Quelles sont-elles ?

 

* Les collectivités territoriales et leurs groupements 

Les autre personnes morales de droit public 

 

Quelles sont-elles ?

Les établissements publics, les groupements d’intérêt public et les personnes morales de droit mixte tels que les sociétés d’économie mixte, les entreprises nationalisées, les ordres professionnels.

LES PERSONNES MORALES DE DROIT PRIVE :

Les sociétés, civiles ou commerciales, y compris celles de statut coopératif ou agricole et les sociétés unipersonnelles ;

Les association régulièrement déclarées à la préfecture reconnues ou non d’utilité publique, y compris les congrégations religieuses ;

Les fondations, y compris les fondations d’entreprises ; Les syndicats ; Les partis ou groupements politiques ;

Les groupement d’intérêt économique, y compris les GEIE ; Les institutions représentatives des salariés ;

Les syndicats des copropriétaires ; La masse des obligataires.

Néanmoins certaines personnes morales de droit privé comme les partis et groupements politiques, les syndicats et les institutions représentatives du personnel jouissent à l’instar de certaines personnes morales de droit public d’un statut privilégié : en effet, la dissolution ou la mise sous surveillance judiciaire ne peuvent être prononcées à leur encontre.

 

LES PERSONNES MORALES ETRANGERES :

La loi française est applicable dés lors que l’infraction ait été commise en France ou qu’elle ait été commise à l’étranger contre une victime française dans les conditions de l’article 113-7 (crime ou délit puni d’une peine d’emprisonnement sans condition de réciprocité d’incrimination) ou que l’infraction commise à l’étranger soit de celles visées par l’article 131-10 (atteintes aux intérêts fondamentaux de la Nation…).
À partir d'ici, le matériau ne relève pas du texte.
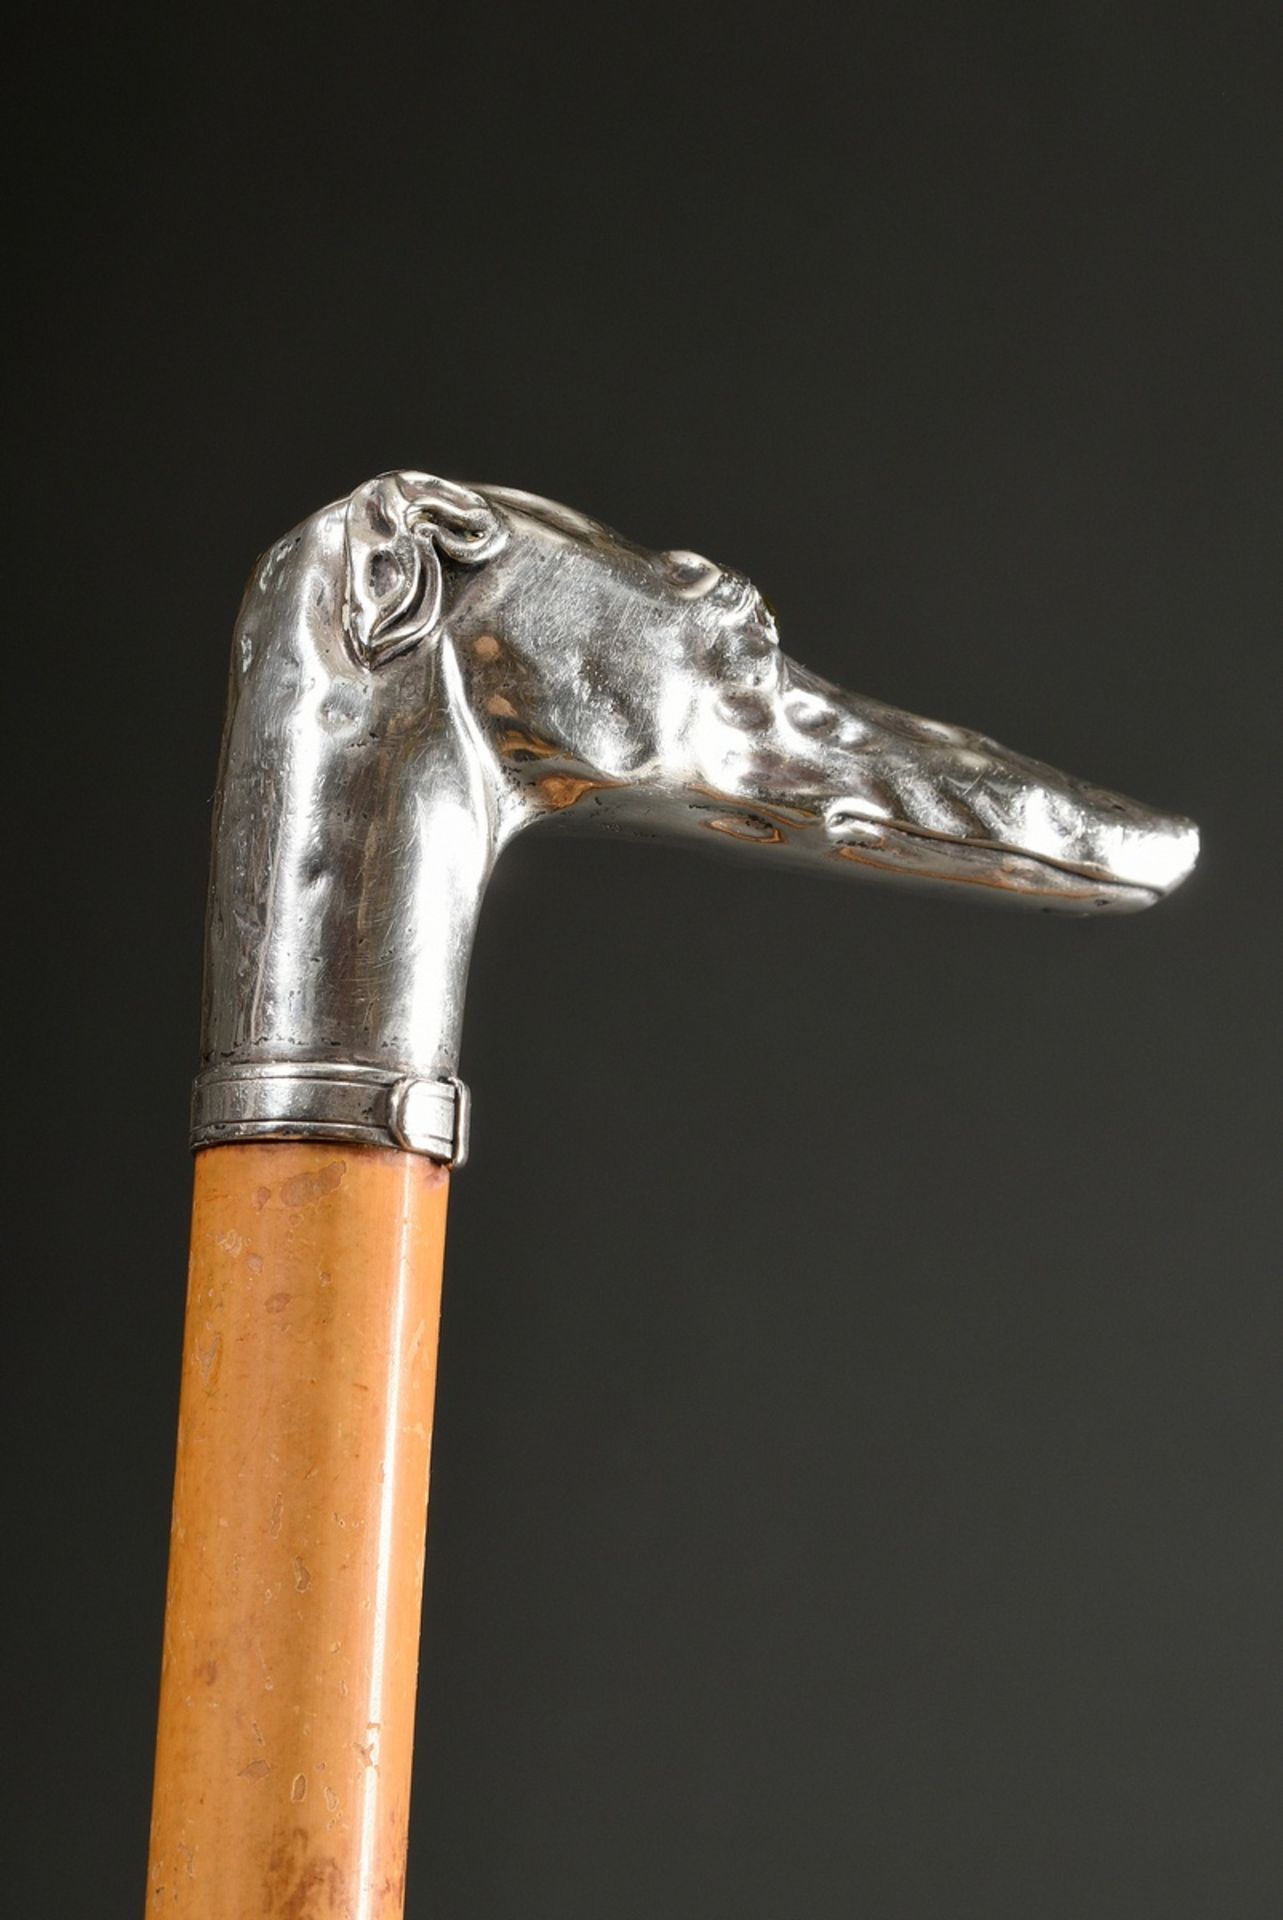 Gehstock mit plastischer Krücke "Windhundkopf", Silber mit Glasaugen, Schuss aus Palmrohr, um 1900, - Bild 3 aus 6
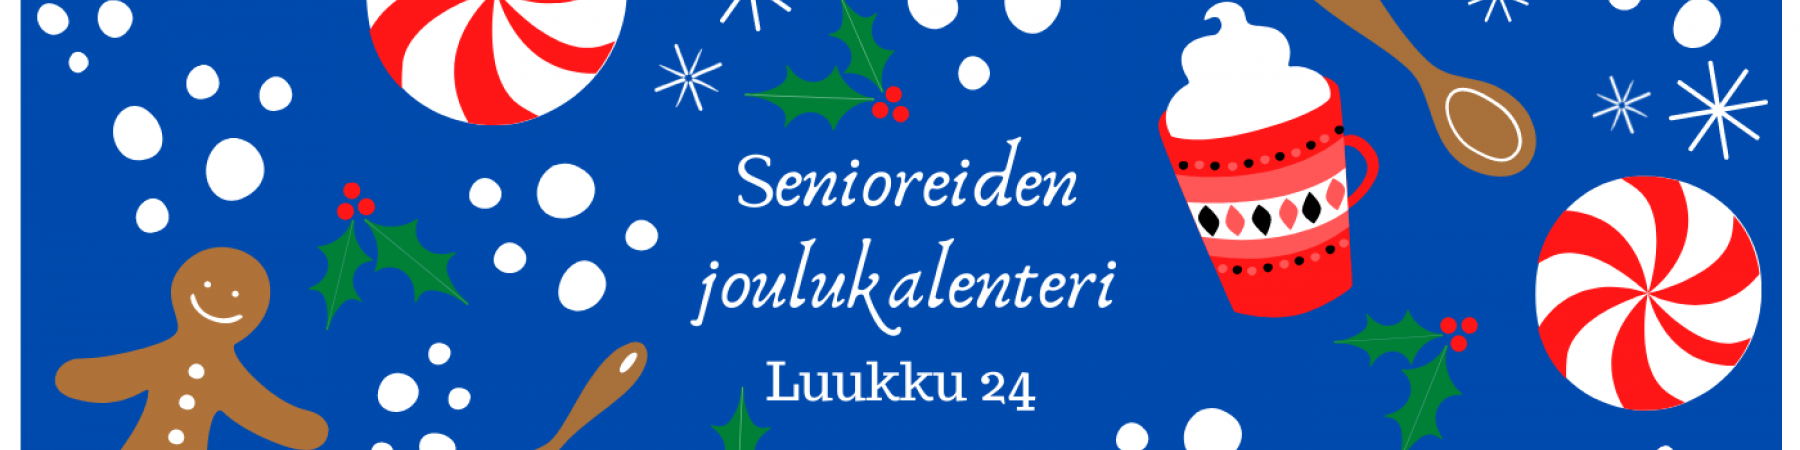 Senioreiden joulukalenterin luukku 24 on avattu!

NB : la nationalité d’une personne morale est en principe déterminée par le lieu de son siège social et subsidiairement par le lieu de direction effective ou la nationalité des personnes contrôlant la société.

Question en suspend : la reconnaissance de la personnalité morale doit-elle se faire selon les règles du droit français ou selon les règles applicables dans le pays dont la personne morale a la nationalité ?

Problème de l’exécution des peines à leur encontre du moins lorsqu’elles ne disposent pas d’établissements en France.

 

 

 

 

  II.            CHAMP D’APPLICATION QUANT AUX INFRACTIONS :

 

A.      Principe de la spécialité de la responsabilité pénale des personnes morales :

Pour être engagée, la responsabilité pénale de la personne morale doit avoir été spécialement prévue par le texte qui définit et réprime l’infraction. Ce texte peut être une loi si l’infraction consiste en un crime ou délit soit un règlement si l’infraction consiste en une contravention.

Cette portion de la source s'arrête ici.